Short Version: It seems that Computer Science enrollments are exploding at many colleges. For a male applying as a potential CS major to selective schools with a strong CS program, is it significantly harder to get admitted than for the average applicant? In particular, do schools that would ordinarily be “matches” possibly become “reaches”, and should an applicant take that into account when forming their college list? And is this also a factor for schools that don’t admit by major as well as ones that do?

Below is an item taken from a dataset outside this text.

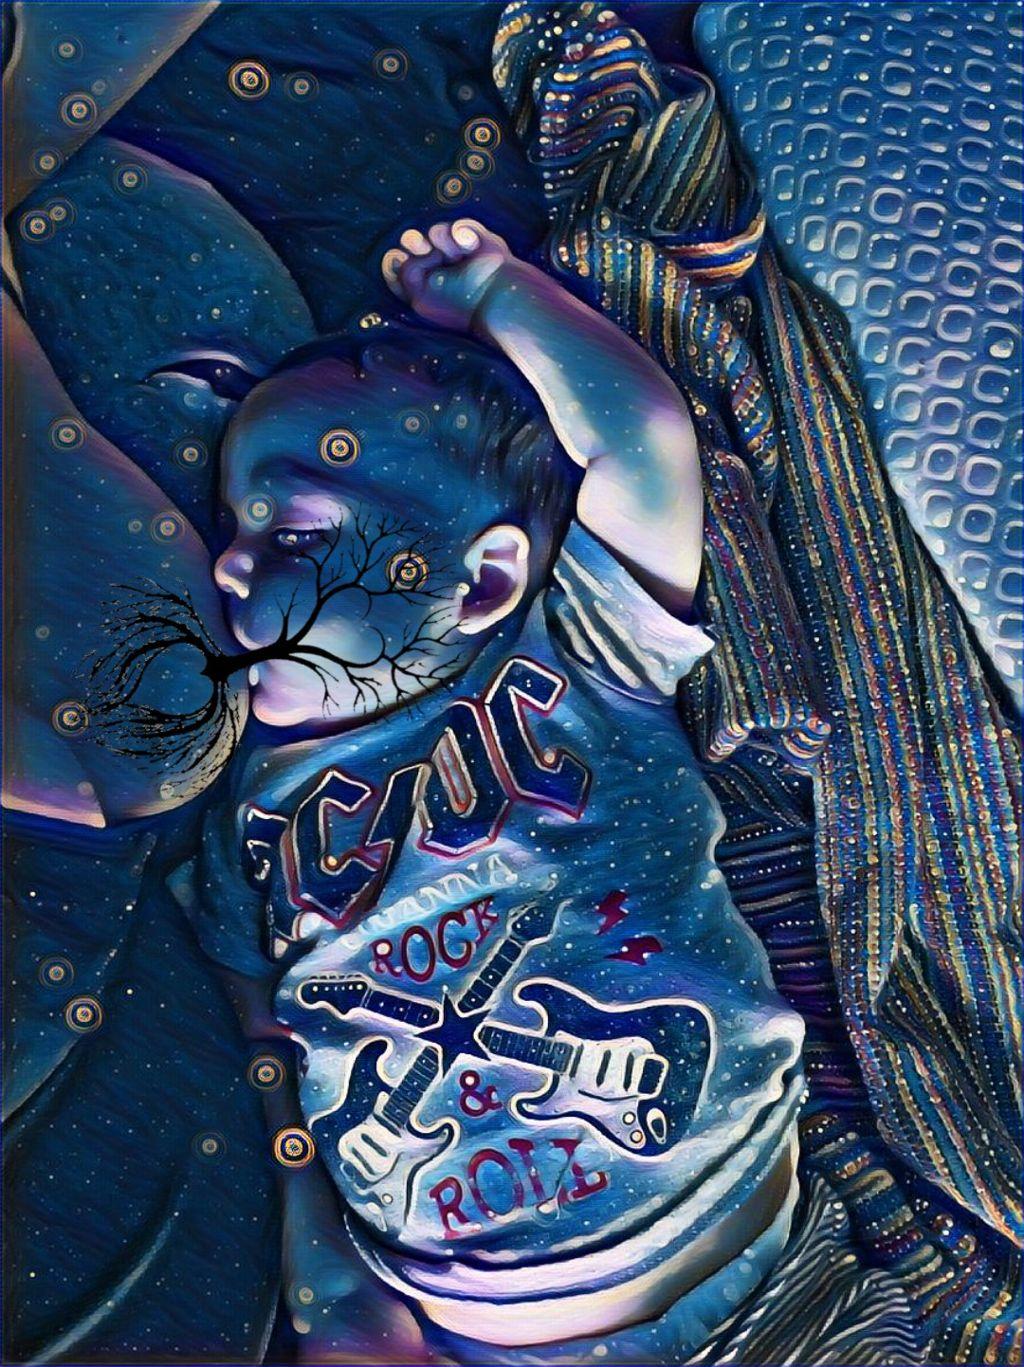 Just 2 weeks shy of hitting our 1yr anniversary of Breastfeeding!!!! #breastfeedingmama #treeoflife #1yrdown1yrmoretogo #yupthatsrightibreastfeedmybaby #mypagemypost #dontlikeitthenfuckoffandunfriendme #igivenoshitsaboutyourignorance #mamaandbabybond #breastfeedingjourney #love #itsnatural #acdc #fistsup #breastfeedingadvocate #oneyearbreastfeeding

Long Version: My nephew is applying to college this year. He’s got very good test scores and grades (e.g. 2350 SAT, 3 X 800 SAT II’s, 8 X 5 AP’s at the end of junior year) and good EC’s; he really doesn’t have any obvious weakness as a candidate. He’s interested in CS and pursued it a bit (took AP CS as a sophomore, then took the sophomore level sequence for CS majors at the local university plus something else last summer that I can’t recall) though I wouldn’t say he’s a programming prodigy or anything. Thinks he wants to major in CS, but he’ll explore when he gets to college and certainly could change his mind. His applications will highlight CS as his academic strength area. He’s out of state for all the schools he’s looking at. Money is zero problem for his family, and his ethnicity is white.
His mom has asked me for some advice on his college list. I, being no fool of course, know that I’m mostly supposed to praise his accomplishments. But I’d still like to give some honest feedback to my nephew.
He’s got some “high reaches” like Stanford and MIT on his list. He knows that they’re long shots, so there’s no expectation problem here. The problem is the schools in his “match” to “low reach” bucket.
Take a school like Berkeley. As an OOS candidate with his stats, his family has it as a “low reach”. But for a male applying as a CS major (EECS actually), I’d almost certainly call it a “high reach”.
Take another school like Univ. Illinois Urbana Champaign. He’s OOS; his family has it as a “low match / match”. But I’m worried that as a CS major (Engineering) it might be a “high match” or even a “low reach”. Ditto for schools like Georgia Tech, RPI, etc.
Basically, I’m tempted to say that they need to add several more schools in what would usually be the “match” bucket for a student like him, as well as one or two schools that are less selective.
Am I right about this “additional CS hurdle” effect when applying as a male CS major? And is it a factor for schools that generally don’t admit by major as well as the ones that do?